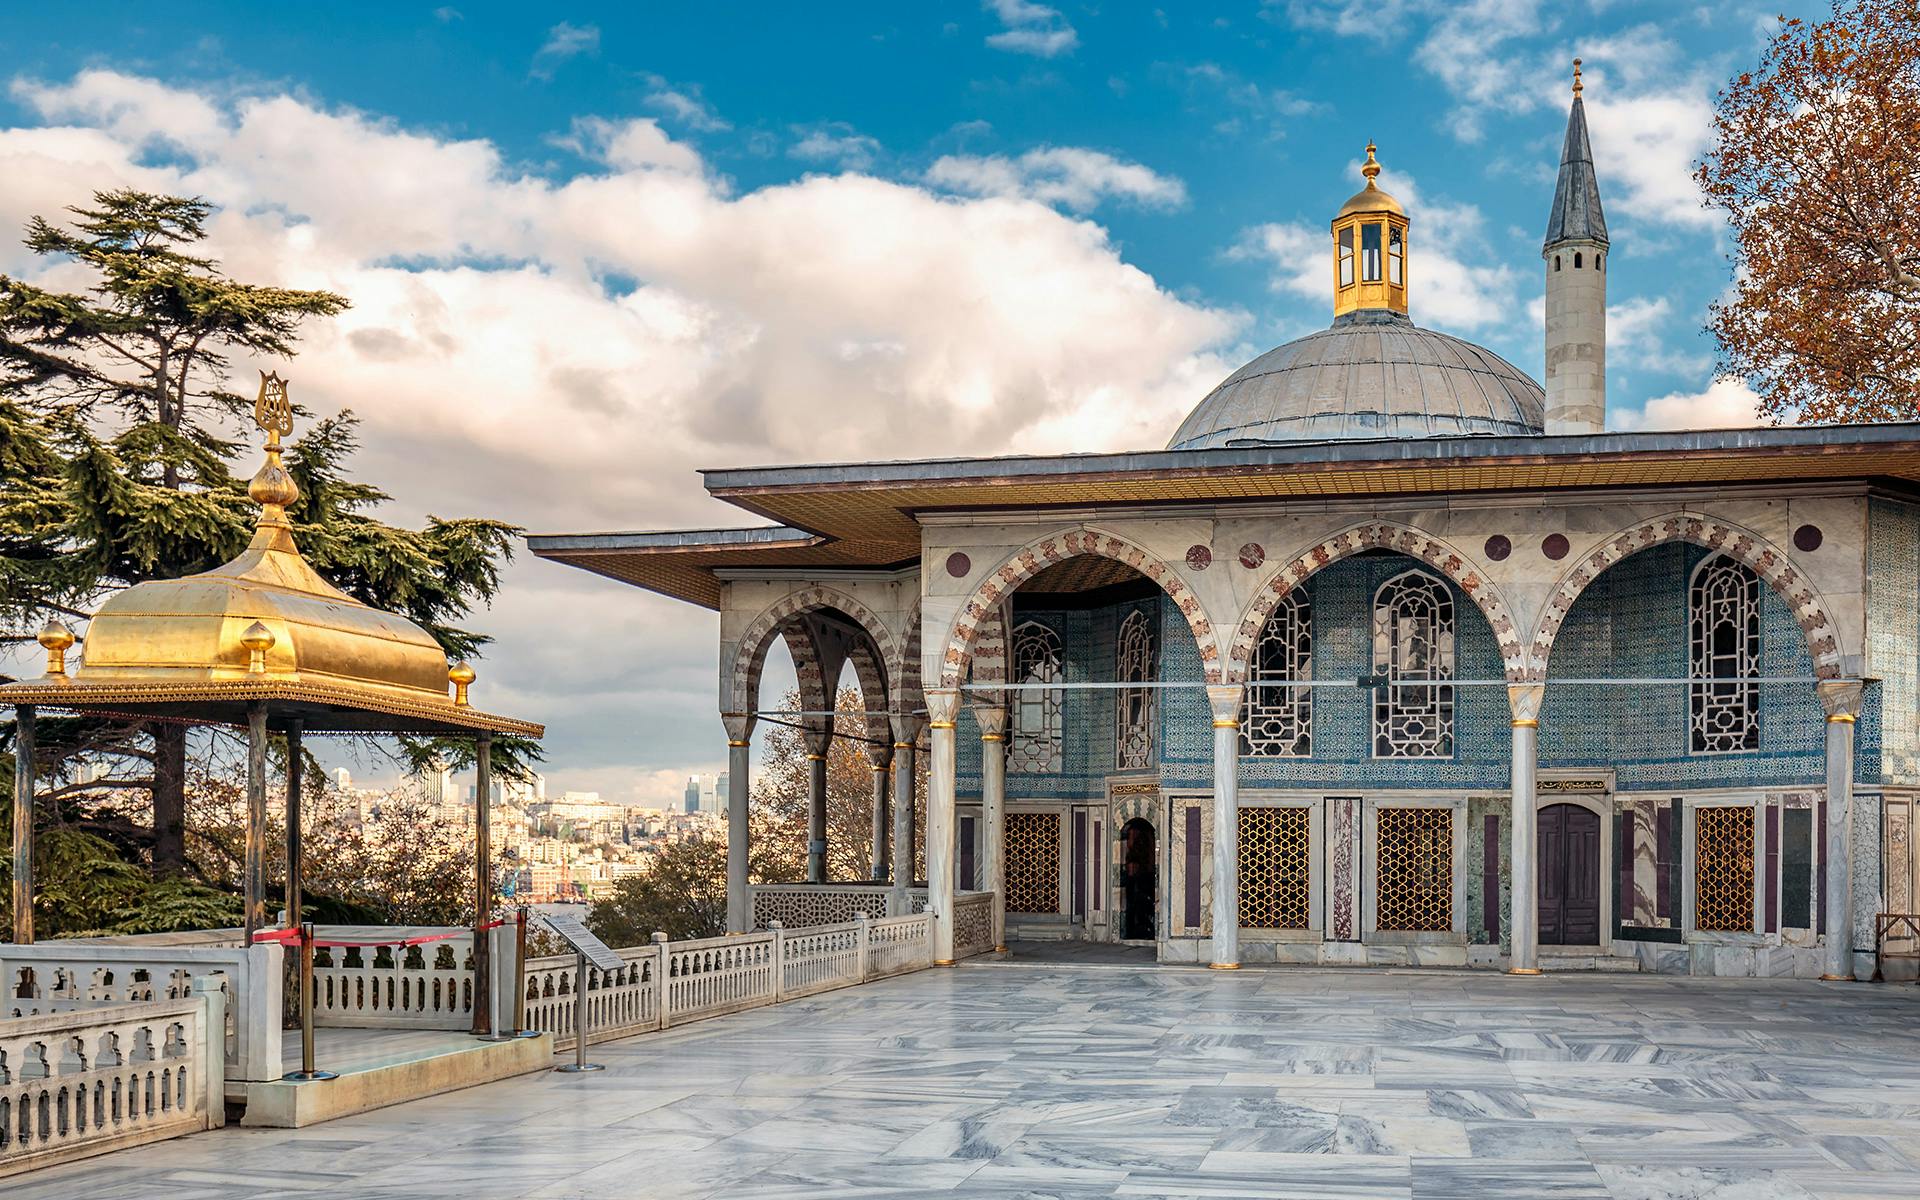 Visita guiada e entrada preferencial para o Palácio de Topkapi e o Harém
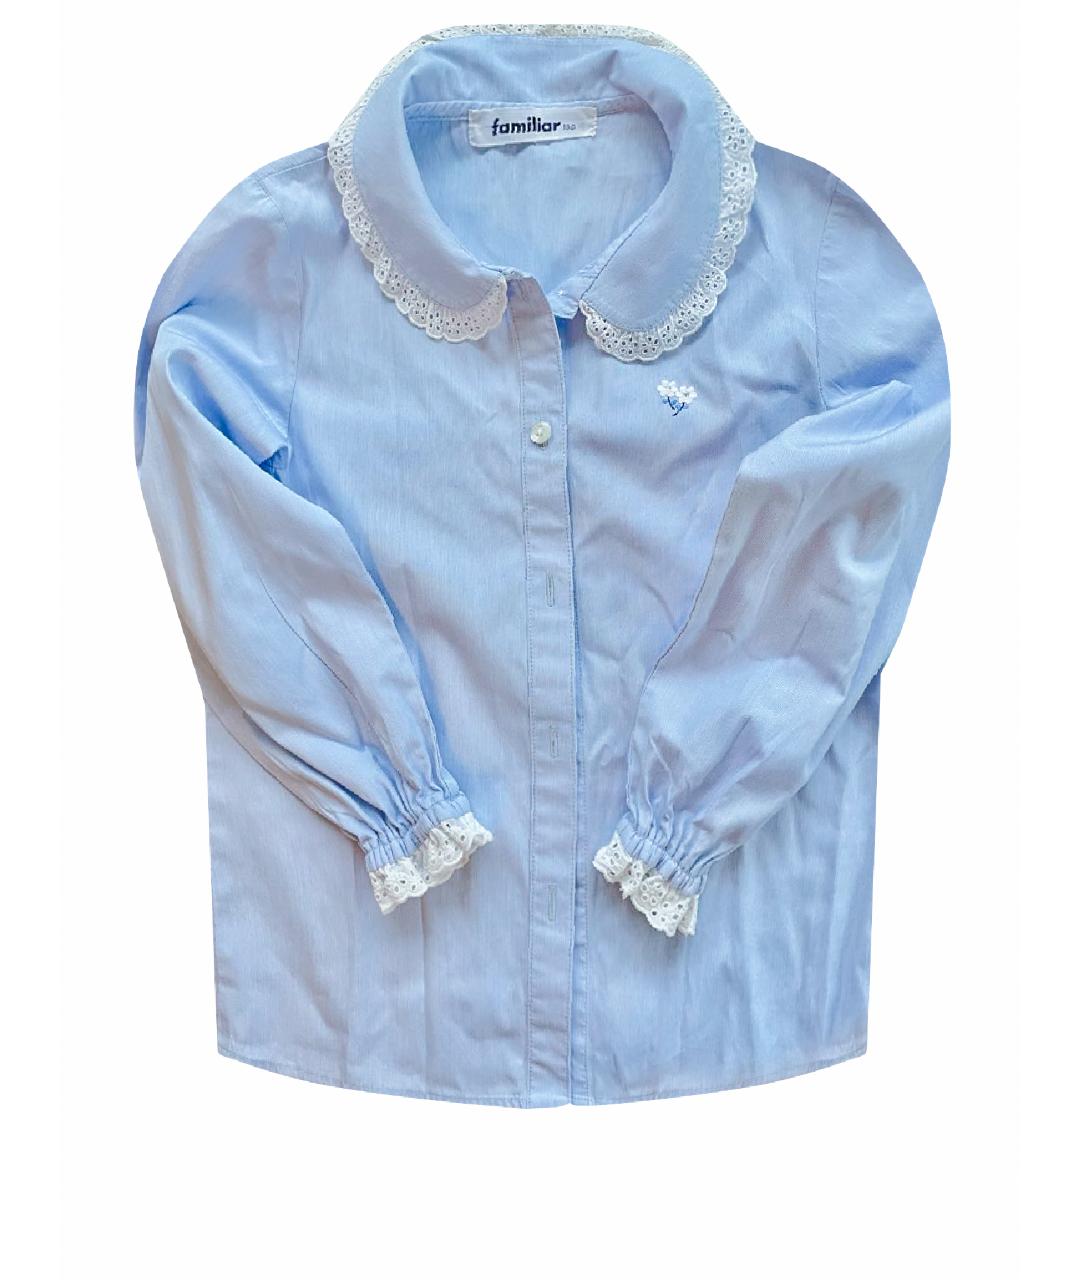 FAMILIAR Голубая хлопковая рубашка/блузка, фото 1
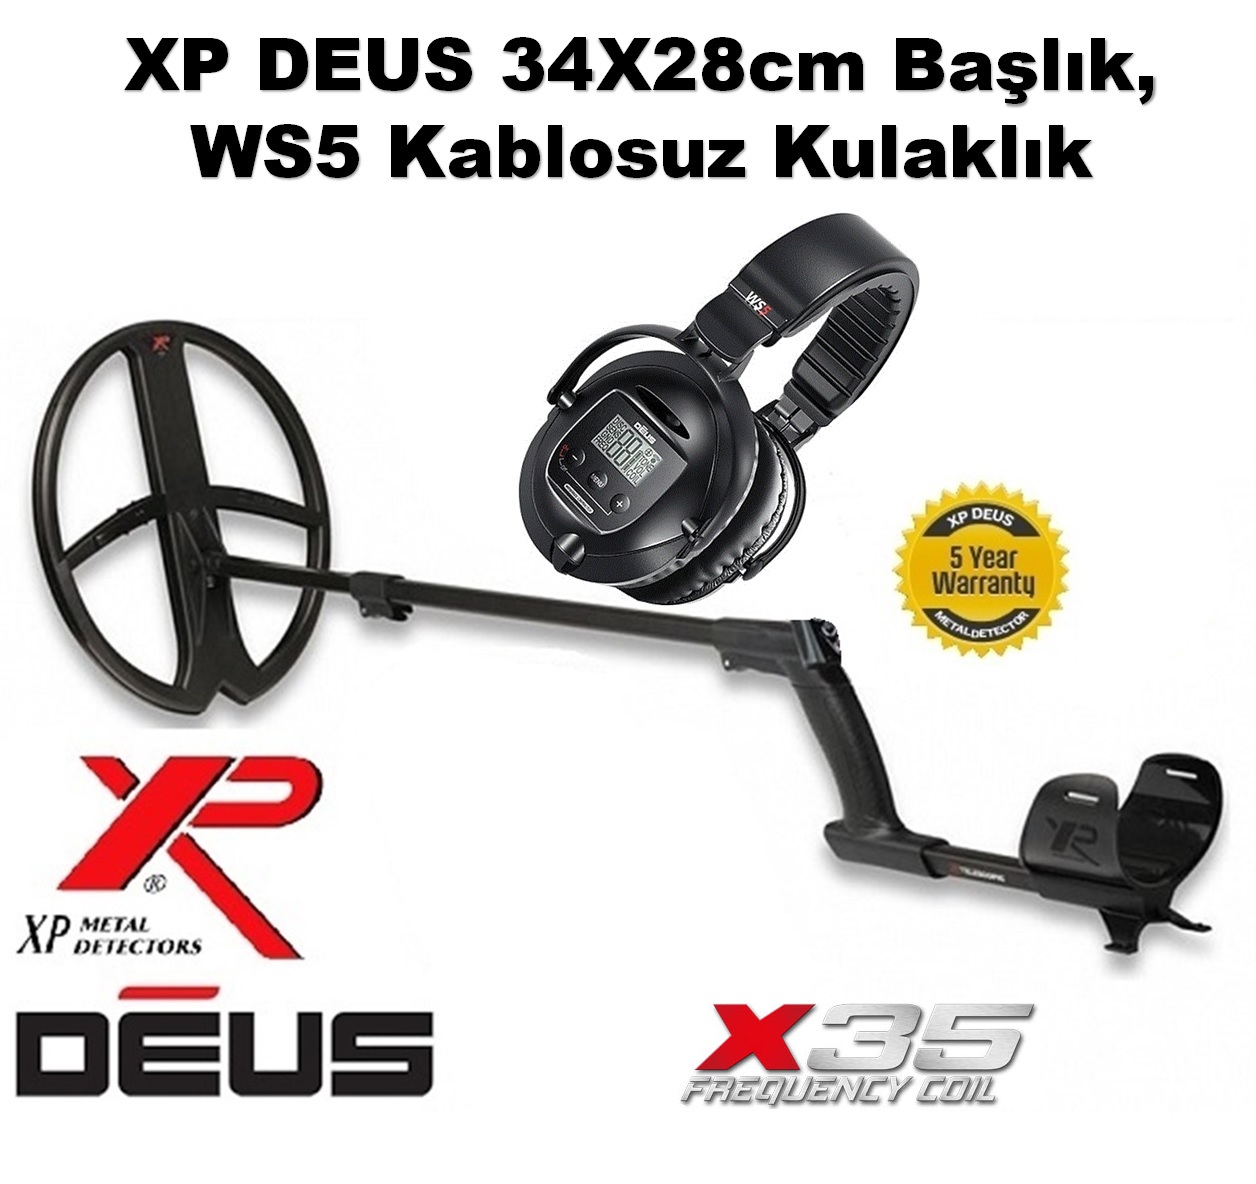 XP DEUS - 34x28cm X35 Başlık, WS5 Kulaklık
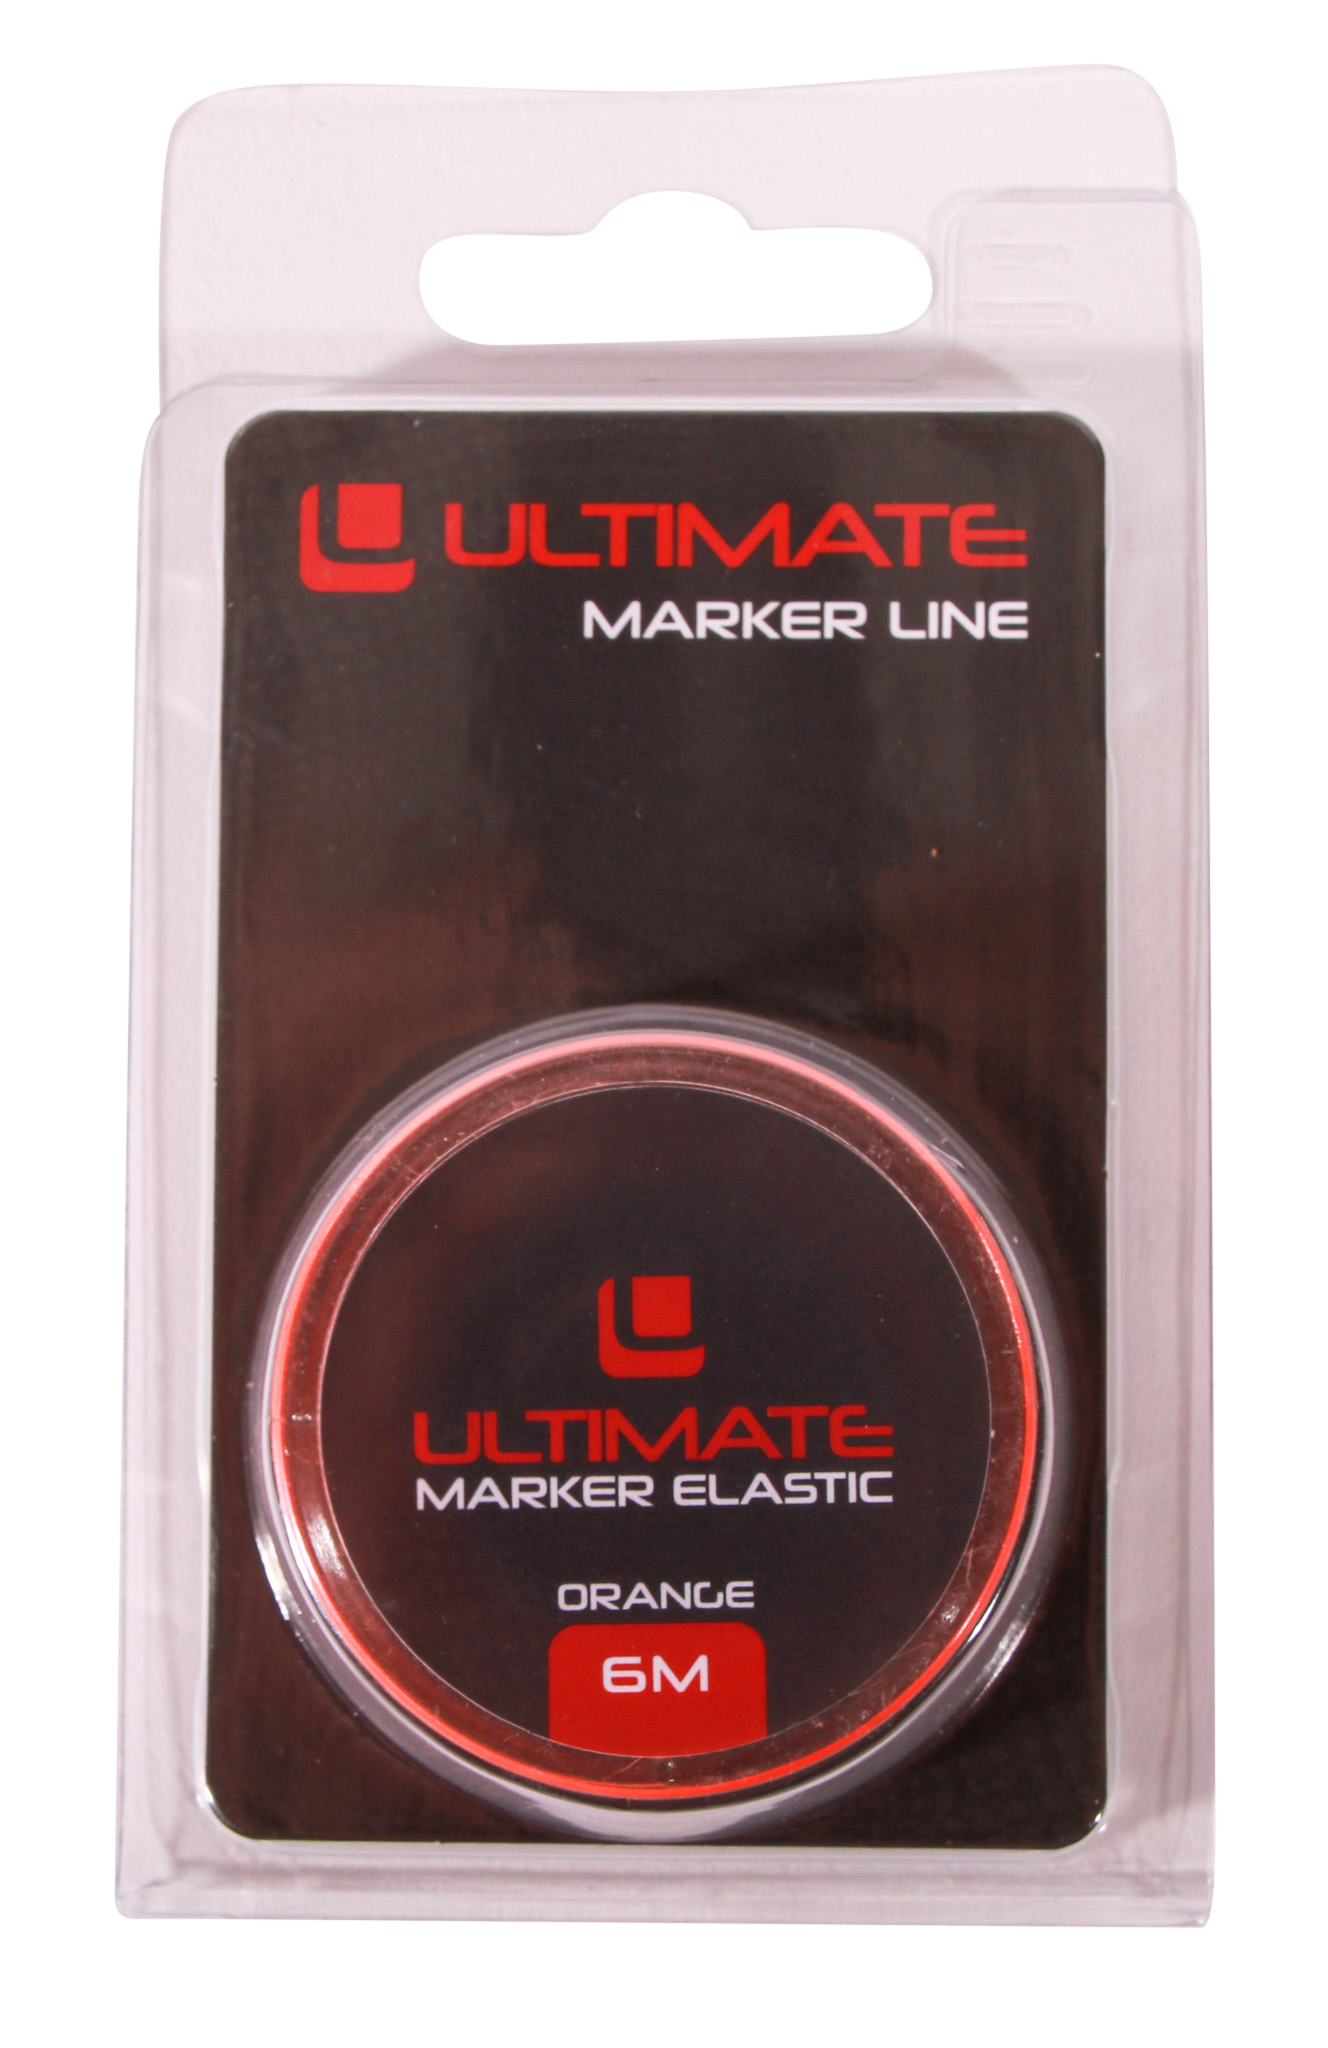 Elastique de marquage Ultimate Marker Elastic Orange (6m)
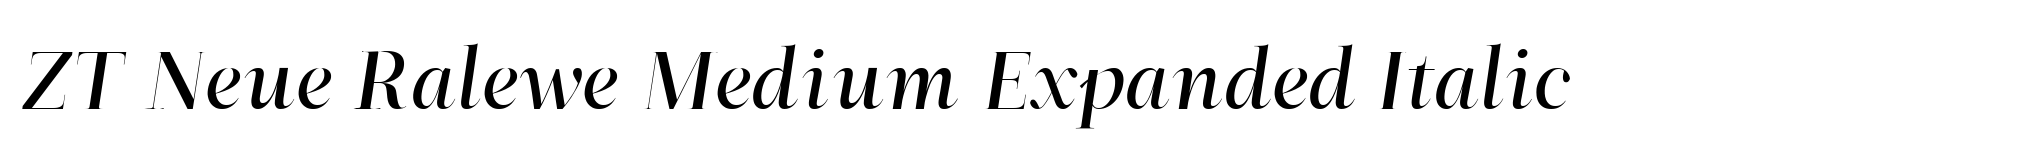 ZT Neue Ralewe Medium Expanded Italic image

**PROBLEM DESCRIPTION**.
With the pictures omitted, restate every entry above word for word.

**TASK OUTPUT**.
 Visita guiada e entrada preferencial para o Palácio de Topkapi e o Harém
 FAMILIAR Голубая хлопковая рубашка/блузка, фото 1
 XP DEUS - 34x28cm X35 Başlık, WS5 Kulaklık
 Elastique de marquage Ultimate Marker Elastic Orange (6m)
 ZT Neue Ralewe Medium Expanded Italic image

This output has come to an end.